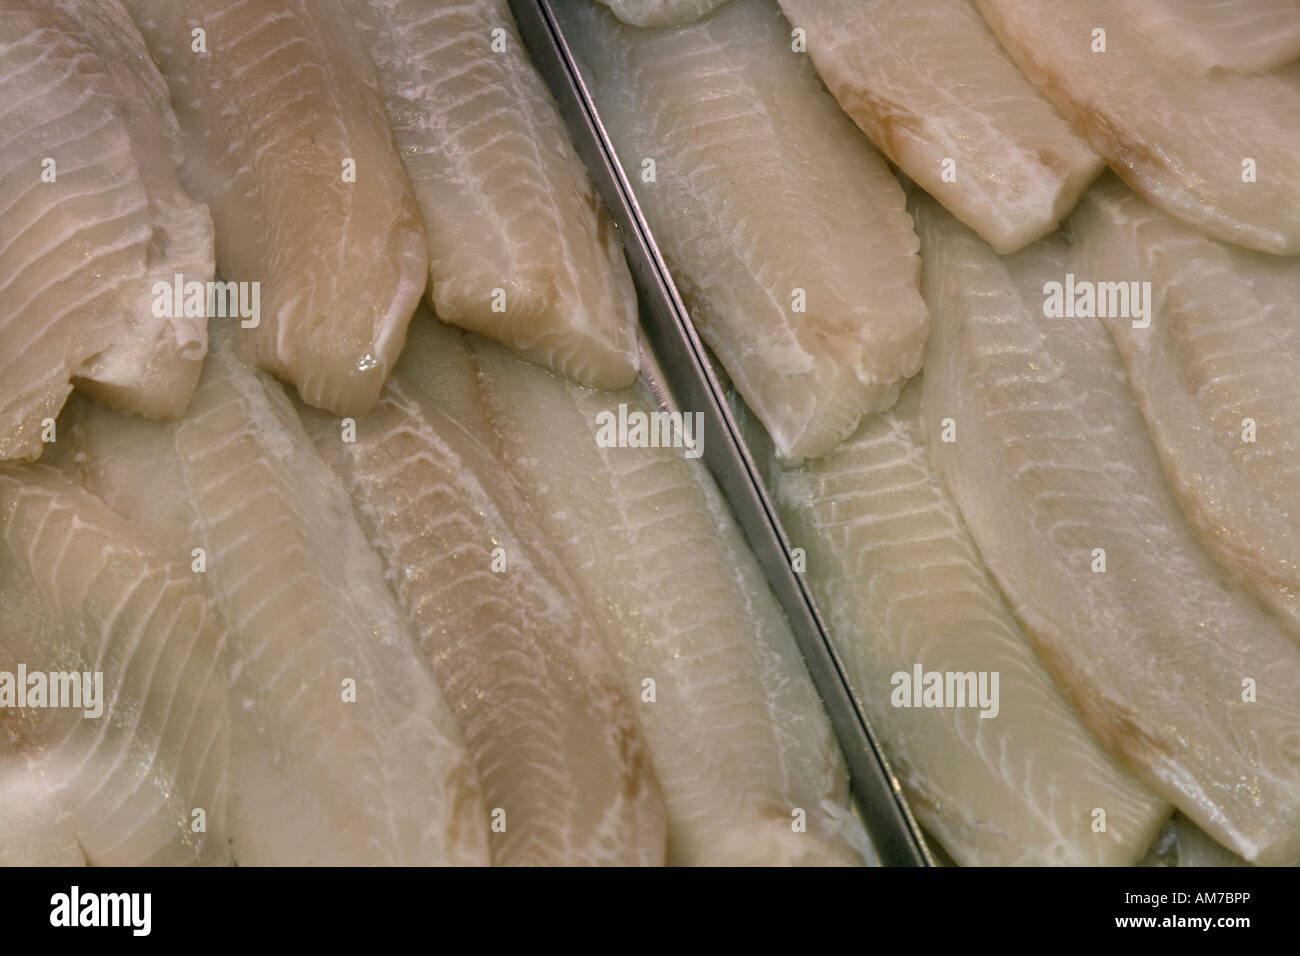 Fresco di filetti di pesce sul display Foto Stock
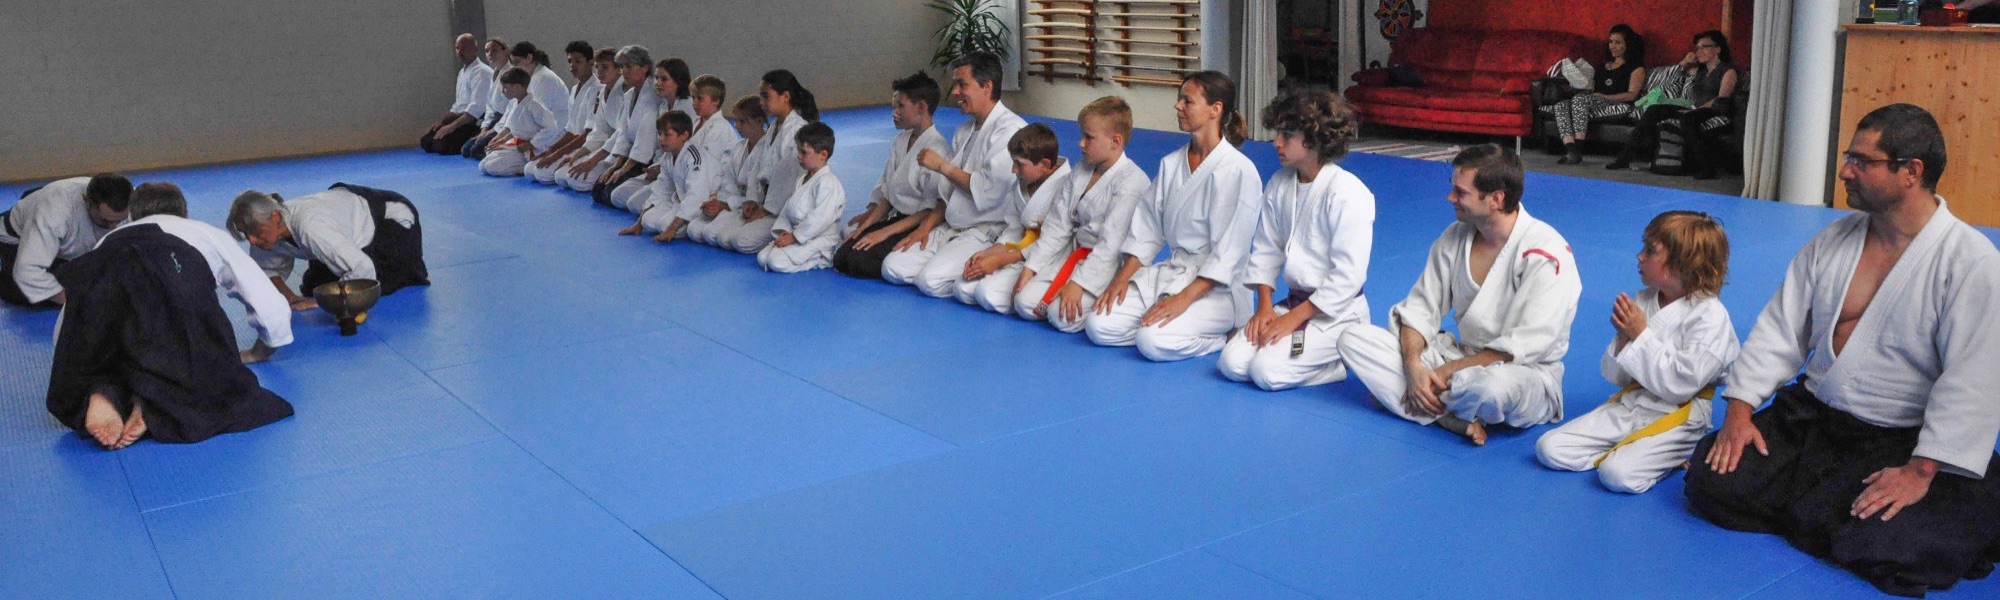 Aikido Kinderseminar 2016-06-11 (81 von 85)
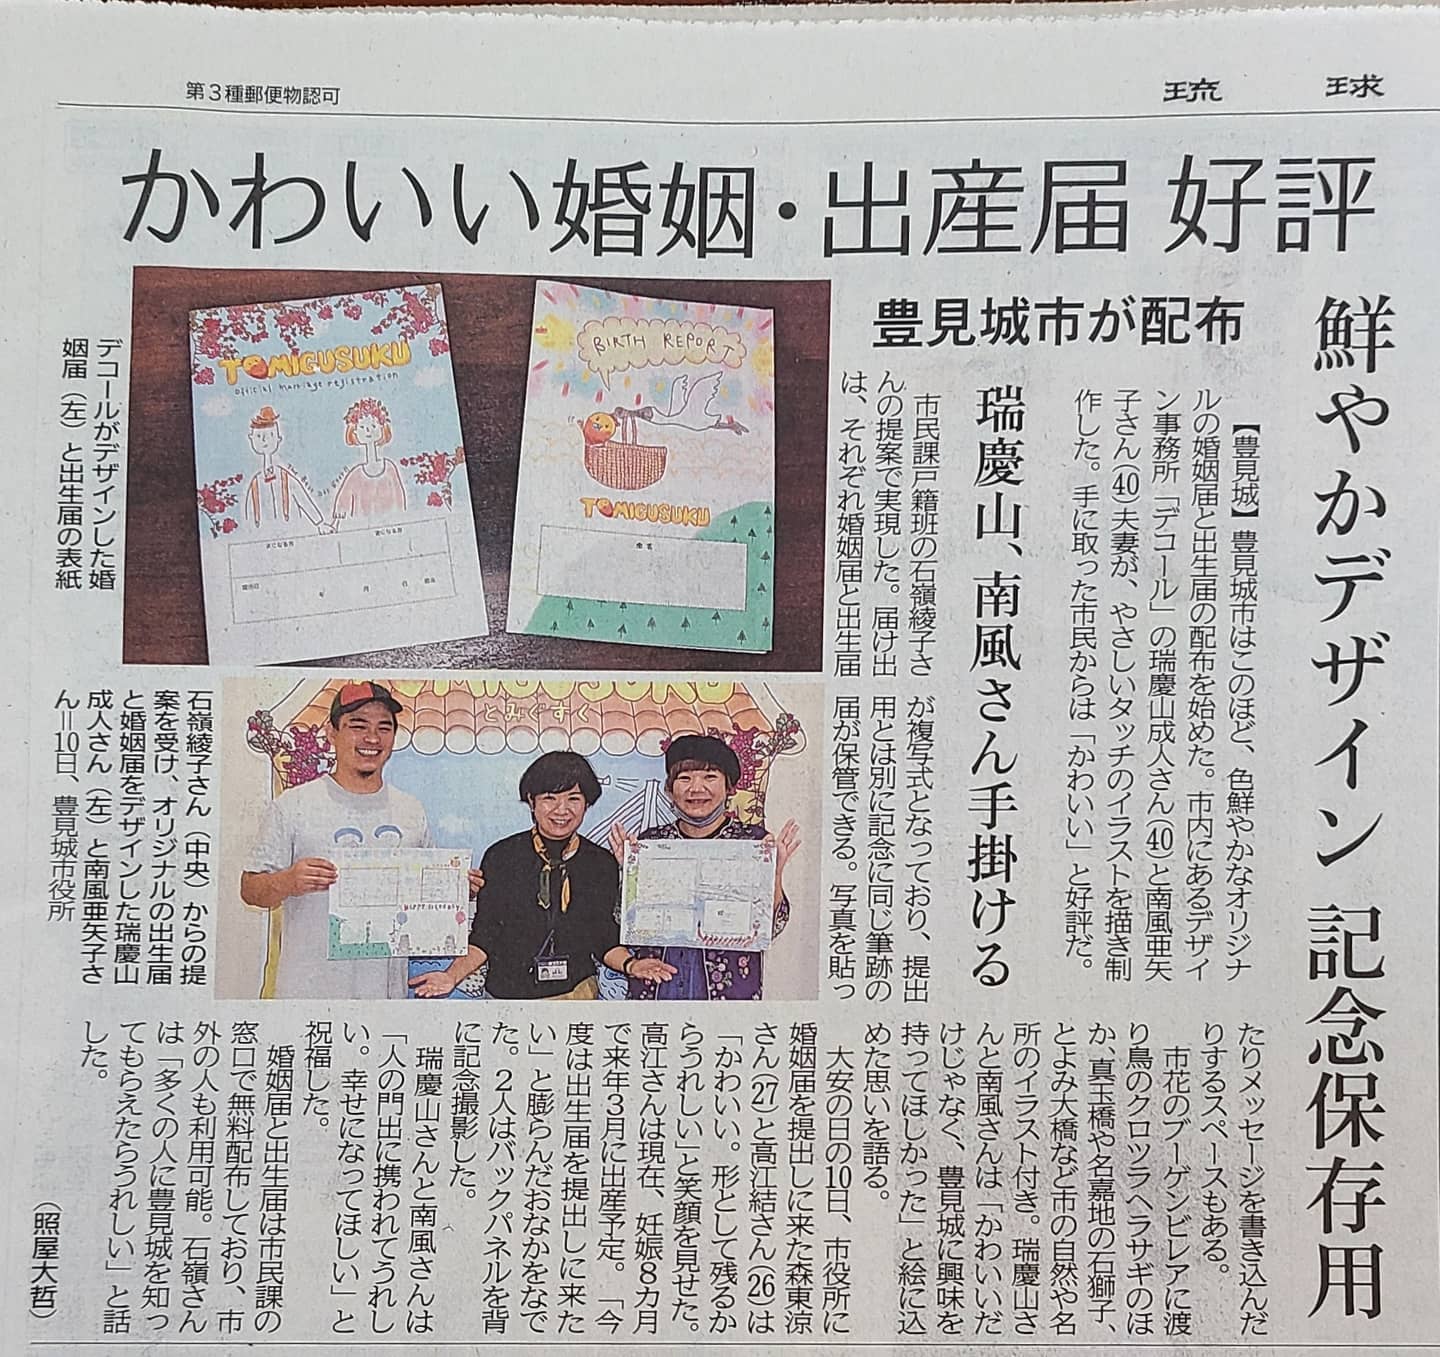 豊見城市の婚姻届と出生届のことが琉球新報に掲載されました。

◆ **EXERCISE OBJECTIVE**:
An exact copy of the listing is required; return it without any pictures.

◆ **REPLY TO THE TASK**:
 Fresco di filetti di pesce sul display Foto Stock
 Aikido Kinderseminar 2016-06-11 (81 von 85)
 豊見城市の婚姻届と出生届のことが琉球新報に掲載されました。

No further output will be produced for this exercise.